A sister to lean on
Ruahine Albert was one of the founders of New Zealand’s first Māori Women’s Refuge. She has been breaking new ground ever since with a flexible, whānau-focused approach that excludes no-one who is willing to change.
People say Ruahine (Roni) Albert changes lives. Some even say she saves lives. But when you ask the leader and co-founder of Te Whakaruruhau Māori Women’s Refuge how she feels about what she has achieved, Roni says she thinks of a woman with “property of Leon” tattooed on her face.
And that’s when she is reminded, after more than 20 years of working around the clock to help Māori women, children and families be safe from abusive relationships, that there is still a long way to go.
Roni met Leone Newman when she came to Te Whakaruruhau Māori Women’s Refuge seeking help to escape an abusive relationship. That was the first time. Leone’s second partner tattooed his name on her face. She came back to Te Whakaruruhau for help. She wanted to change her life and that is what she was doing in 2006 when Leon Colin Wilson was released from prison and beat her to death.

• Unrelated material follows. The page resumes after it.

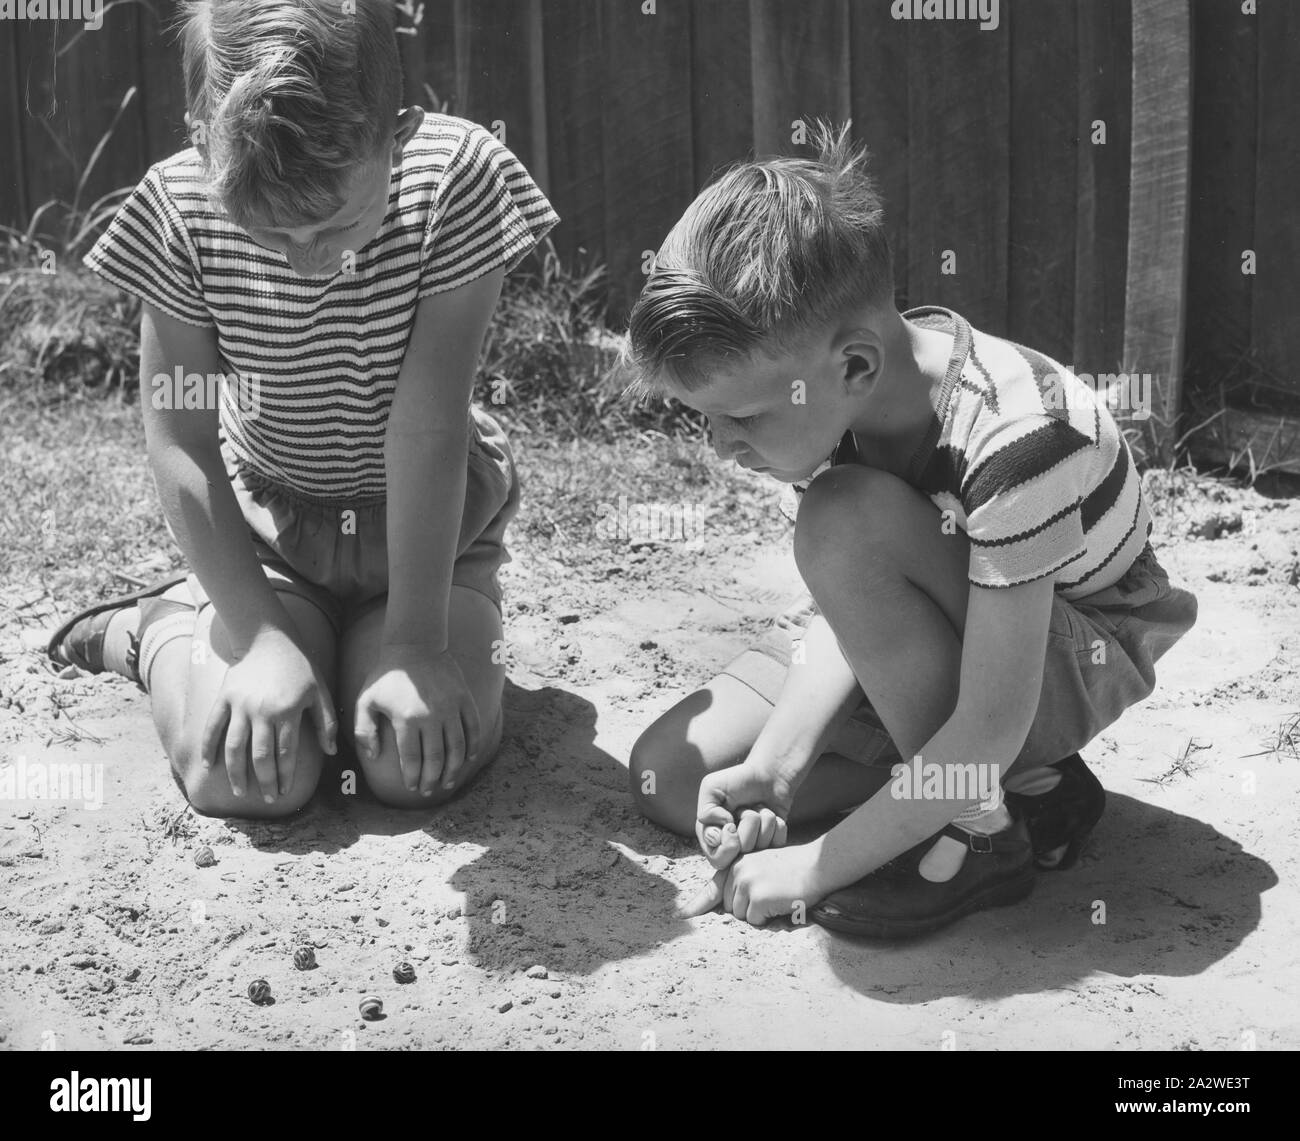 Photographie - garçons jouant aux billes, Dorothy Howard guidée, l'Australie, 1954, photographie noir et blanc représentant deux garçons jouant aux billes dans le sable, de l'Australie, 1954. Il fait partie d'un groupe de photographies prise par le folkloriste américain Dr Dorothy Howard alors qu'elle étudiait les jeux des enfants et playlore en Australie dans le cadre d'une bourse de recherche Fulbright,1954-1955. Ses photographies et la recherche sont devenues une partie de l'Australian Children's Folklore Collection à Banque D'Images

Roni was profoundly affected. “I knew how much she had been through. She was strong, but not physically strong enough – not enough to look after herself with this man.”
Recently, Te Whakaruruhau Māori Women’s Refuge celebrated the opening of two new purpose-built safe houses in Hamilton for up to 30 women and children. That same week police were on the hunt for Leon Wilson for breaching his parole conditions. For Roni, as Te Whakaruruhau marked the realisation of a dream and years of effort, it was a stark reminder of why she does what she does.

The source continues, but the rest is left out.